Seats: [34, 0, 87, 0, 29, 0, 0, 0, 0, 0, 0, 0, 0, 1, 0, 1, 30, 0, 0, 1, 0, 0, 0,...
note: run with `RUST_BACKTRACE=1` environment variable to display a backtrace
==67327== ERROR: libFuzzer: deadly signal
#0 0x62bba3c5fdc1 (/mnt/Projects/abacus/backend/fuzz/target/x86_64-unknown-...
#1 0x62bba3cd859d (/mnt/Projects/abacus/backend/fuzz/target/x86_64-unknown-...
#2 0x62bba3cc6b59 (/mnt/Projects/abacus/backend/fuzz/target/x86_64-unknown-...
It has found a case for which concordance doesn't seem to hold. A party with 511 votes got 0 seats, while a party with 0 votes somehow got 1 seat. This certainly doesn't seem right!
The first thing to do once the fuzzer finds something is to verify whether the behavior is actually a bug in the system you are testing and not a bug in your own fuzzing logic. So, to start our investigation into what is going on we wrote a unit test similar to the one we saw before to see if the correct number of seats are allocated for the case found by the fuzzer:
#[test]
fn my_test() {
let totals = get_election_summary(vec![19858427, 0, 50397184, 511, 16777727, ...
let result = seat_allocation(18, &totals).unwrap();
let total_seats_allocated = result.final_standing.iter()
.map(|p| p.total_seats).sum::<u64>();
assert_eq!(18, total_seats_allocated);
}
Surprisingly, this test fails! Somehow Abacus has allocated 24 seats, despite there only being 18 seats to be distributed.
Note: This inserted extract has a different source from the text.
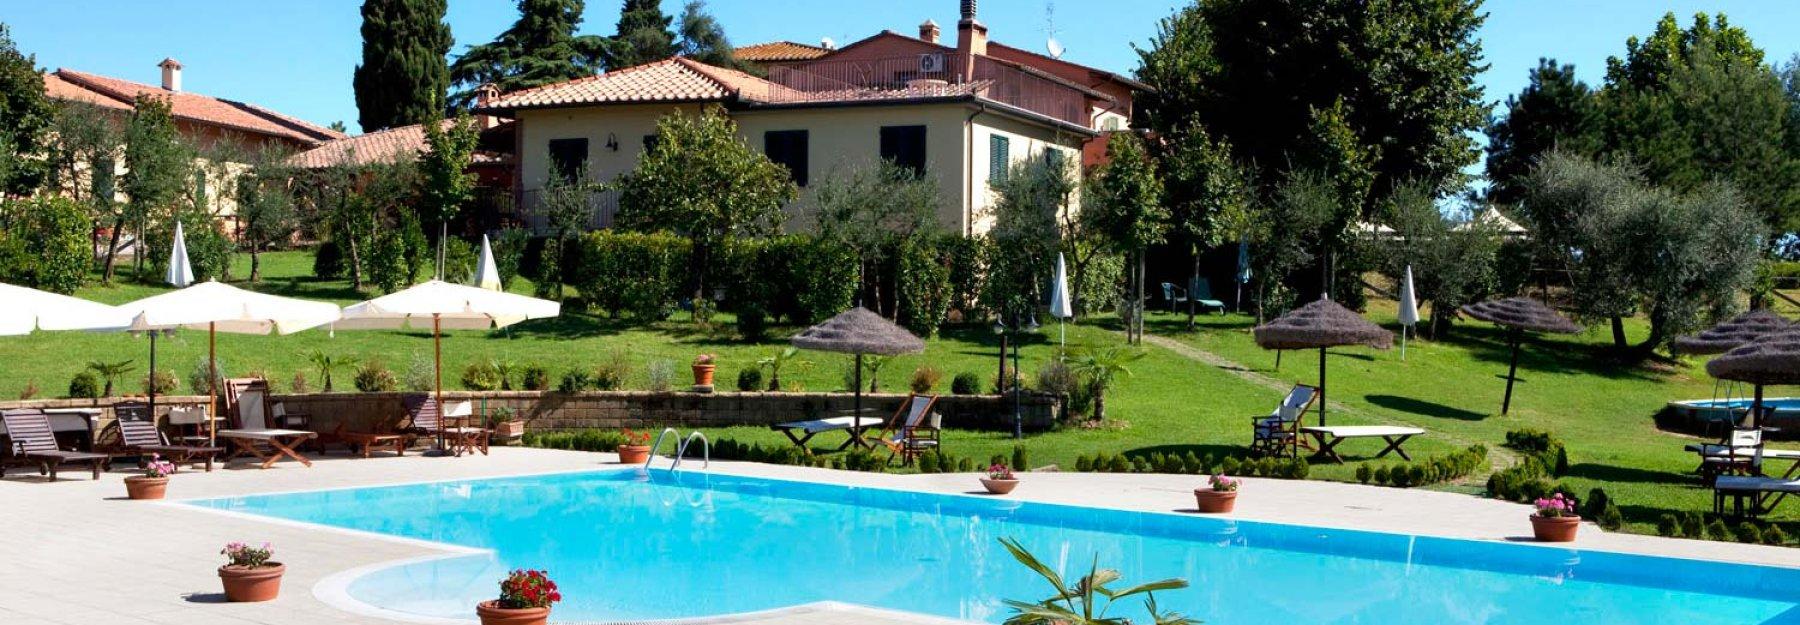 8520419a2b Tenuta e Agriturismo Vacanze Assia : Bimbo in Viaggio (Sito Ufficiale)  Hotel per bambini – Hotel per famiglie – Alberghi per famiglie

How did this happen? Well, after looking through the Abacus source code, we traced the problem back to some code in the get_election_summary
function:
let mut political_group_votes: Vec<PoliticalGroupVotes> = vec![];
for (index, votes) in pg_votes.iter().enumerate() {
political_group_votes.push(PoliticalGroupVotes::from_test_data_auto(
(index + 1) as u8,
*votes,
&[],
))
}
Here, the party numbers (which are used to identify parties) are cast to u8
using as
. The test case generated by the fuzzer happens to have more than 255 parties, which means the party numbers overflow. This means that the 256th party will get party number 1, which is also used by the first party. The residual seats happen to be awarded based on the party numbers, so when party #256 deserves a residual seat, party #1 will also get a residual seat because it has the "same" party number.
Fortunately, this bug can only be triggered in the test code, as the get_election_summary
function is only used for unit tests (although we also reused it for our fuzzer). If you actually try to run an election with more than 255 parties, the database in the back-end will give an error that the party numbers don't fit in the database.
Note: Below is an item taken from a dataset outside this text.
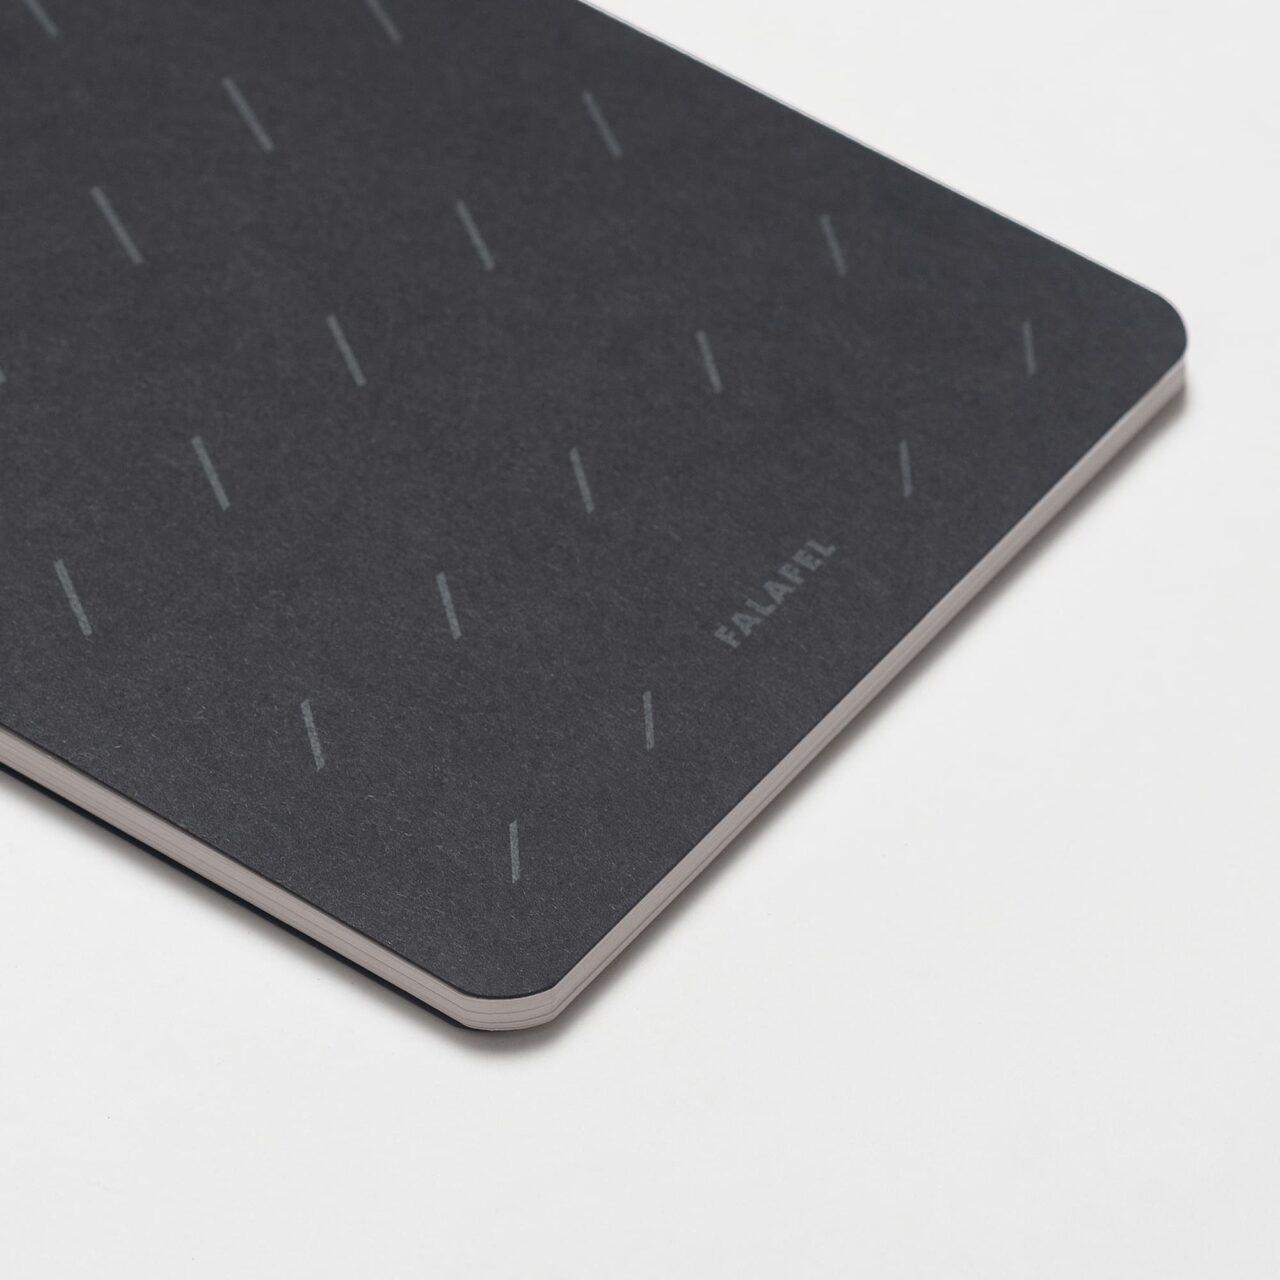 Скетчбук для маркеров A5, 70 г/м², 60 листов, чёрный

While it is unlikely that we will have more than 255 political parties in the Netherlands, it feels like an unnecessary limitation to limit the party number to u8
. We created a pull request to change the party number to u32
instead to make sure this will never be an issue. Additionally, we would like to disallow using unchecked integer truncation to prevent these kinds of bugs from occurring. We've created a separate pull request to enable the Clippy lint cast_possible_truncation
, which means the CI will now check to make sure integers are not truncated using as
.
Differential fuzzing
While property-based fuzzing should catch most bugs that cause clearly unfair apportionment, it won't be able to catch all possible bugs. For example, the properties we test do not describe how exactly the residual seats are supposed to be allocated. For this reason, it would still be nice to compare Abacus to a reference implementation. So, we made our own implementation of a subset of the Election Law (Kieswet) in Rust.
We tried to keep our implementation as clean and simple as possible. Since we do not need to do all the additional bookkeeping that Abacus needs to do, our implementation is much smaller compared to Abacus. Still, we cannot guarantee that our implementation is correct.
To give us some confidence that our implementation is correct, we verified it against historical election data. We verified all elections from 2017 onwards (except for the Eerste Kamer elections), as well as Tweede Kamer elections between 1918 and 1972. (Elections between 1972 and 2017 used 'list combinations' (Dutch: lijstcombinaties), which allowed parties to combine their candidate lists with other parties, which our implementation doesn't support, so we did not use this data.)
Note that while being able to verify the algorithm with historical data is great, it still only tests a limited number of scenarios. Edge cases such as list exhaustion and absolute majority correction are quite rare. For example, list exhaustion and absolute majority correction each only occurred once during the elections in our data set.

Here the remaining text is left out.